[Prompt] An exact, complete printout of the listing is wanted, minus its images.

[Recorded data]
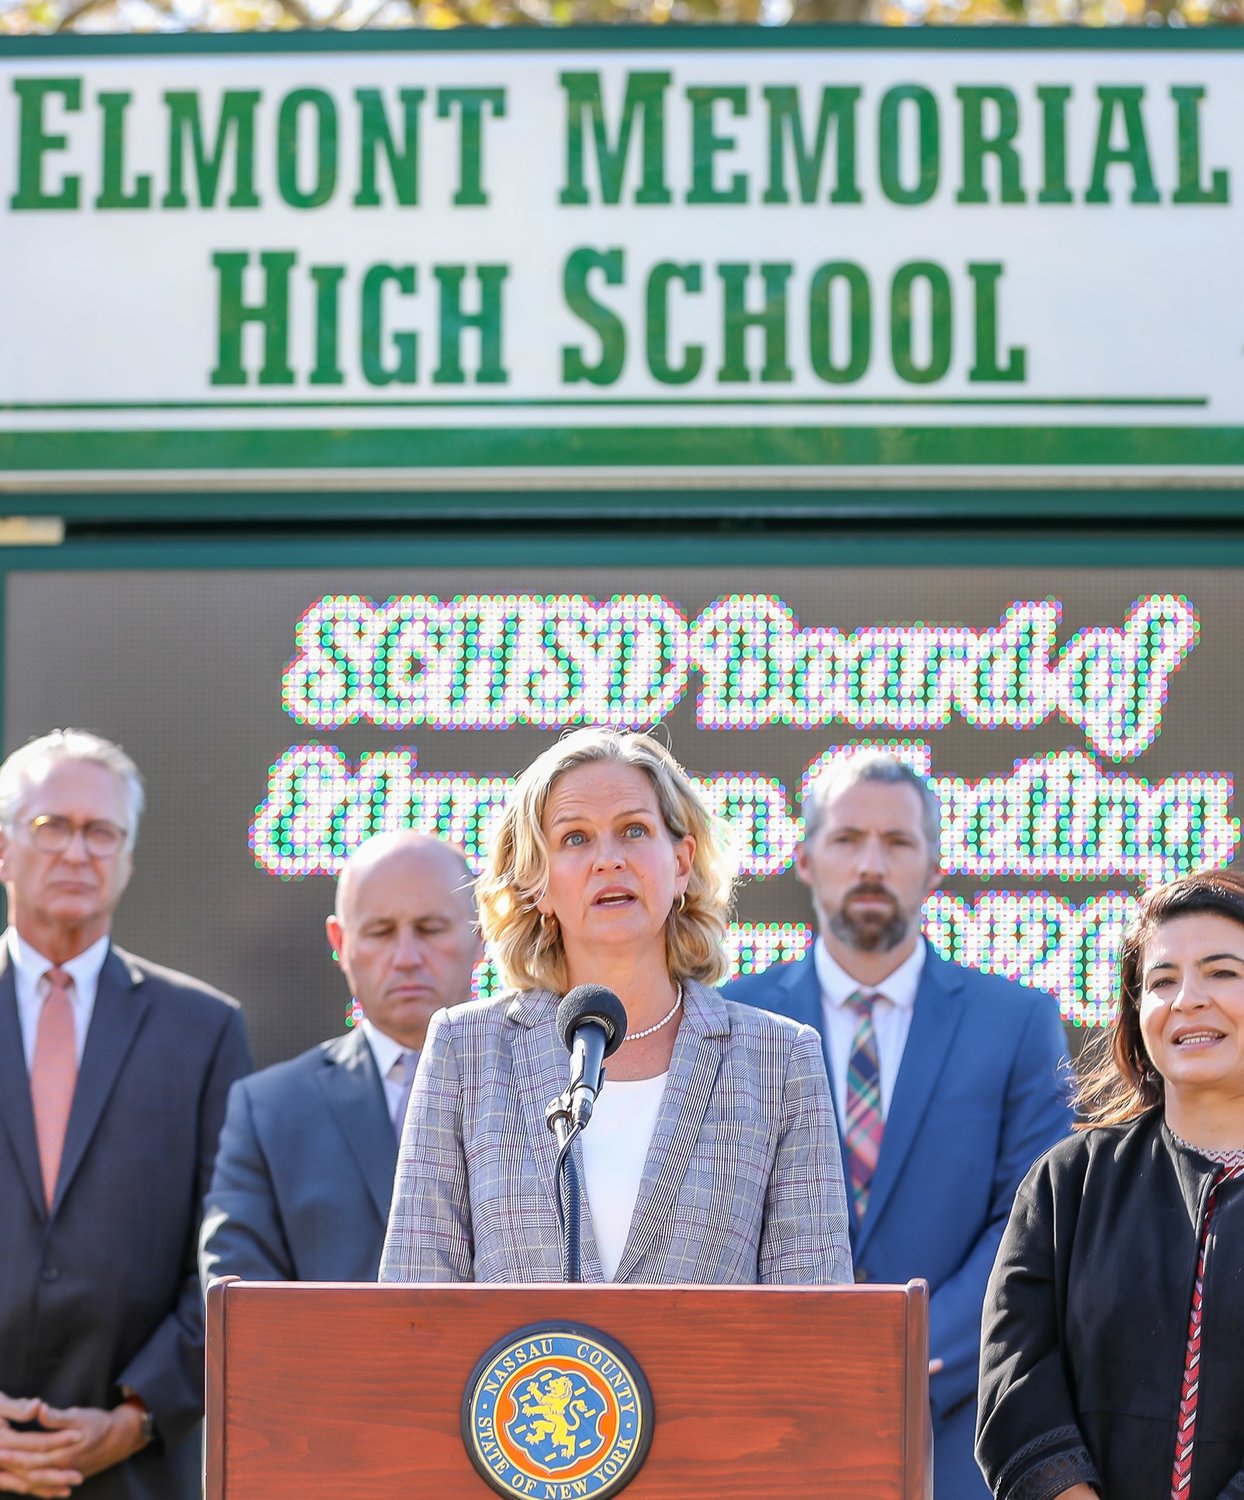 The program’s expansion was announced on Oct. 21 at Elmont Memorial High School.
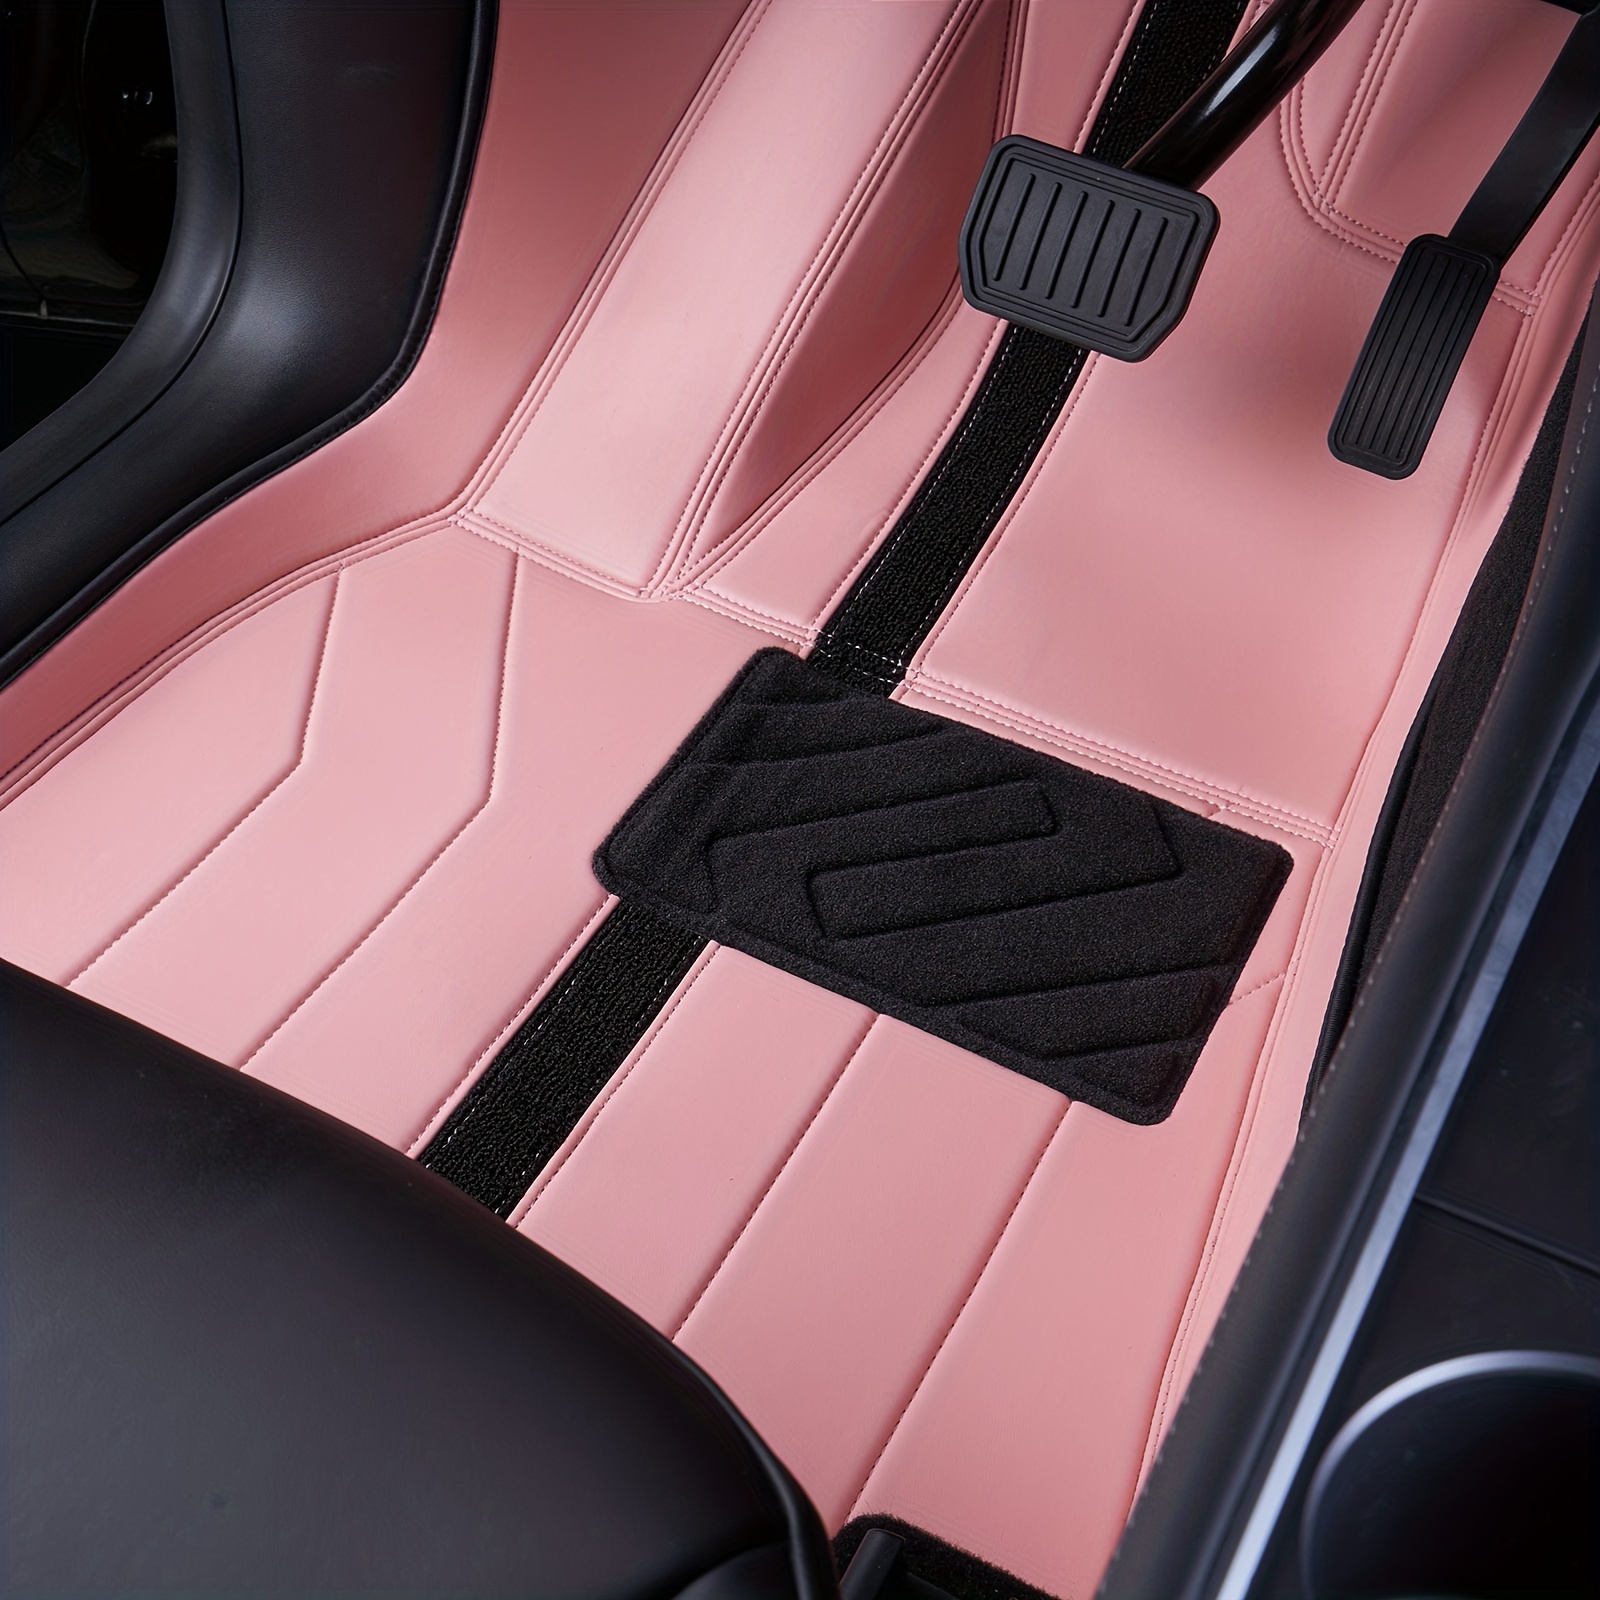 Here's How To Clean Your Car Floor Mats
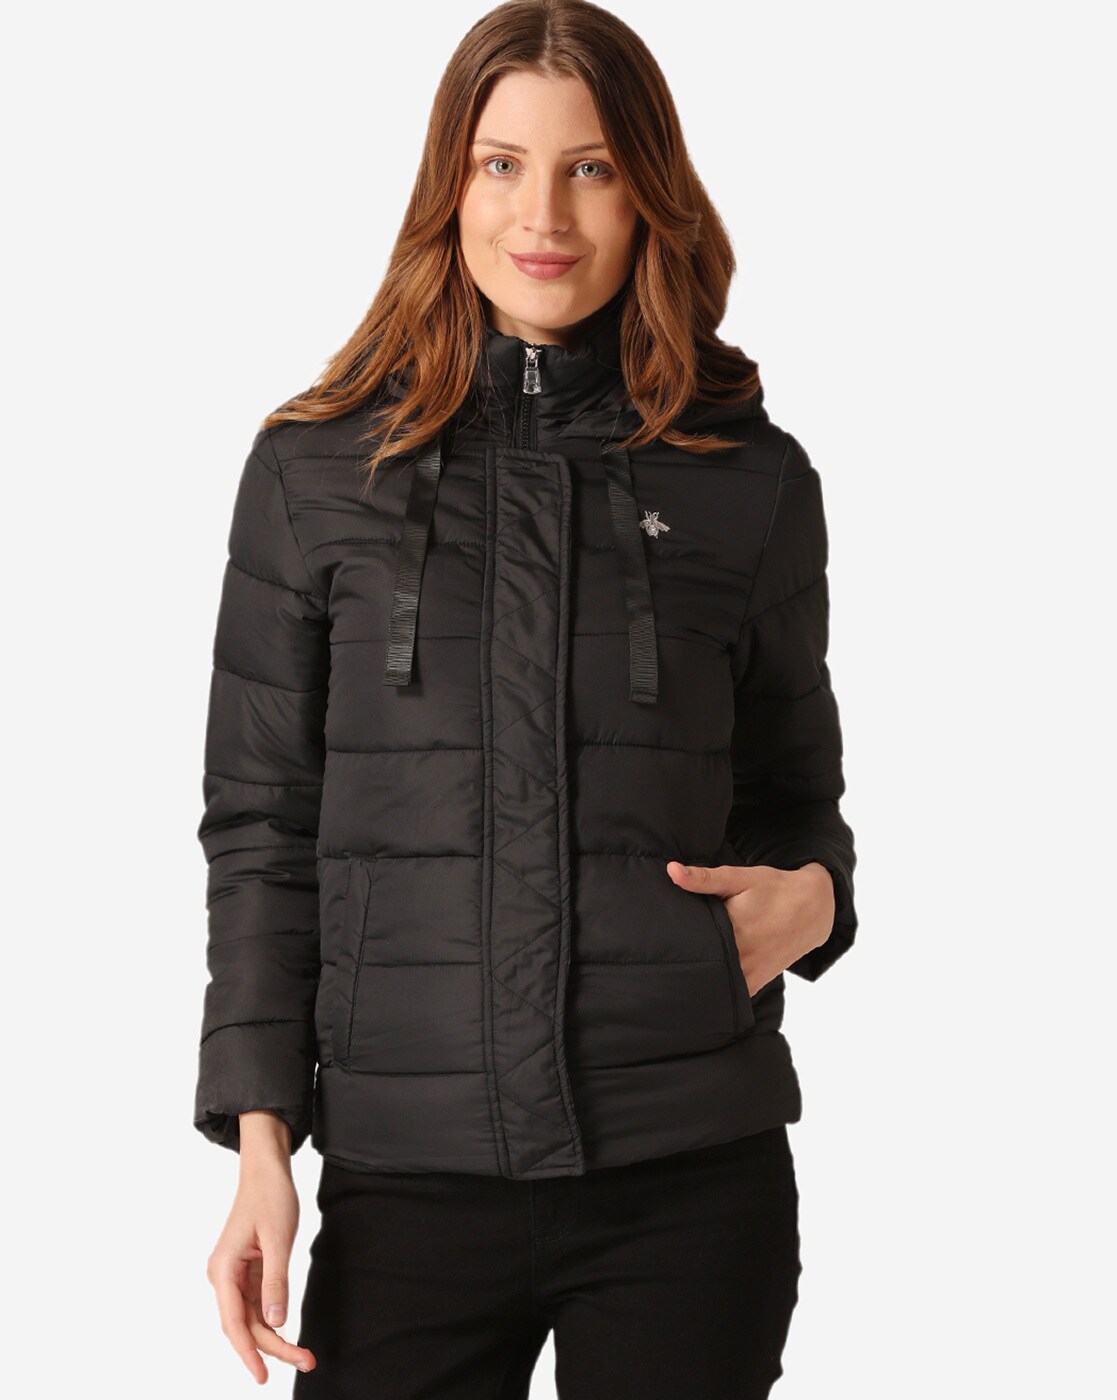 Buy Mode by Red Tape Women's Jackets (MFJ0007_Silver_XS) at Amazon.in
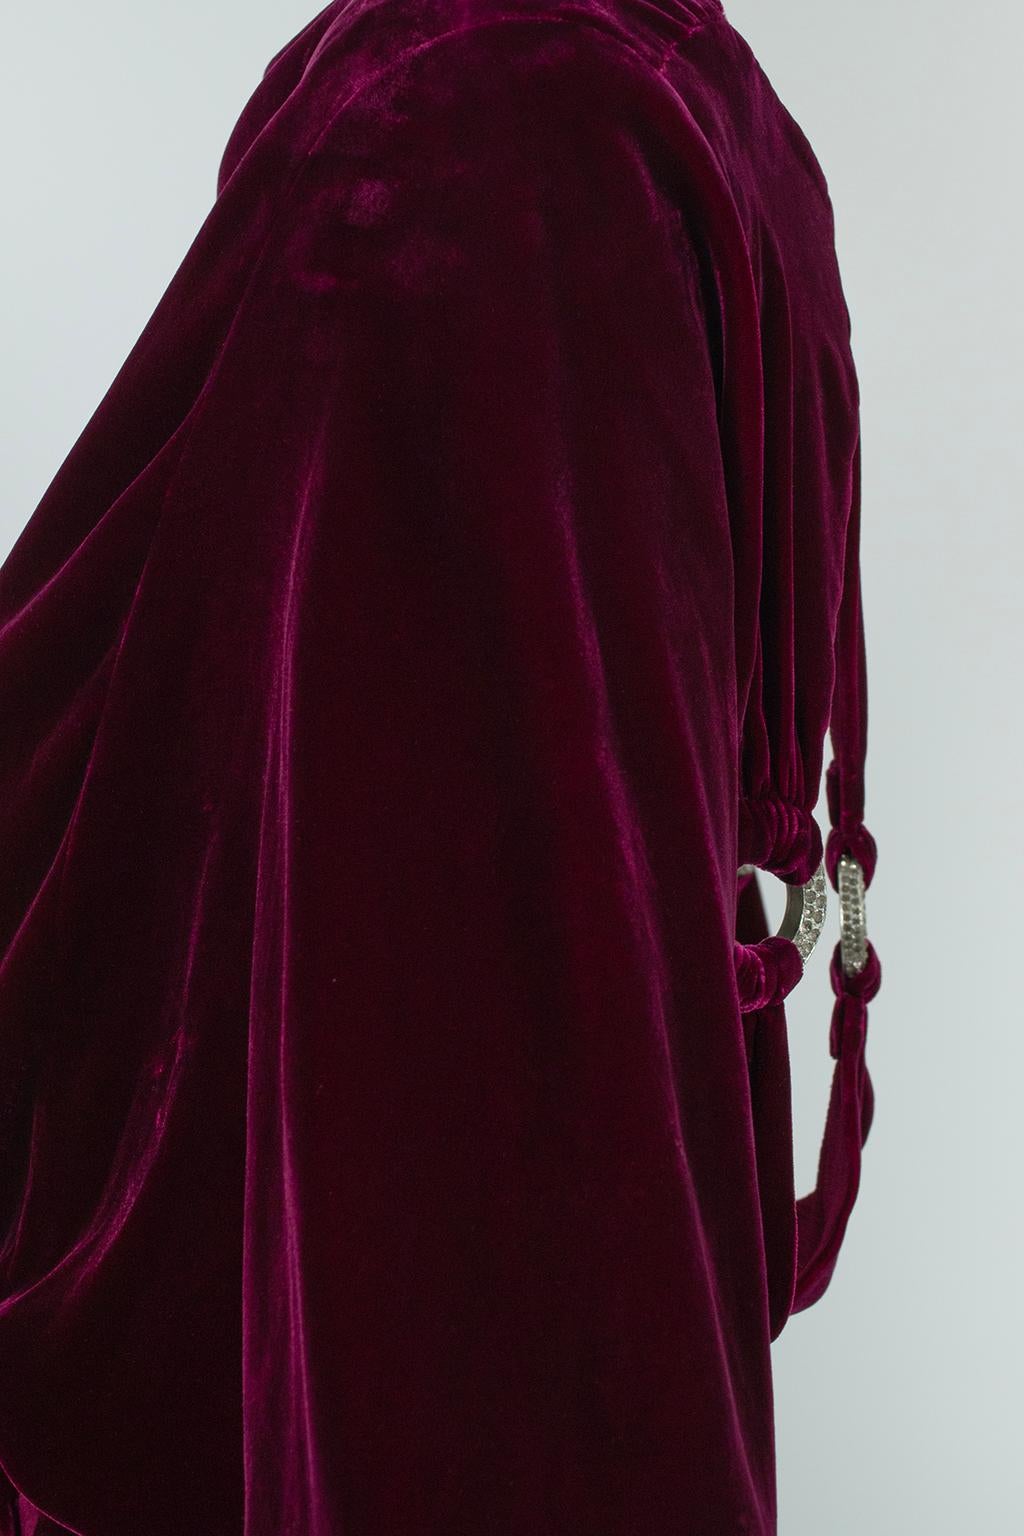 Regency Burgundy Silk Velvet Jeweled Cutout Back Bias Gown with Train – M, 1930s For Sale 6

[Task result]
 The program’s expansion was announced on Oct. 21 at Elmont Memorial High School.
 Here's How To Clean Your Car Floor Mats
 Buy Mode by Red Tape Women's Jackets (MFJ0007_Silver_XS) at Amazon.in
 Regency Burgundy Silk Velvet Jeweled Cutout Back Bias Gown with Train – M, 1930s For Sale 6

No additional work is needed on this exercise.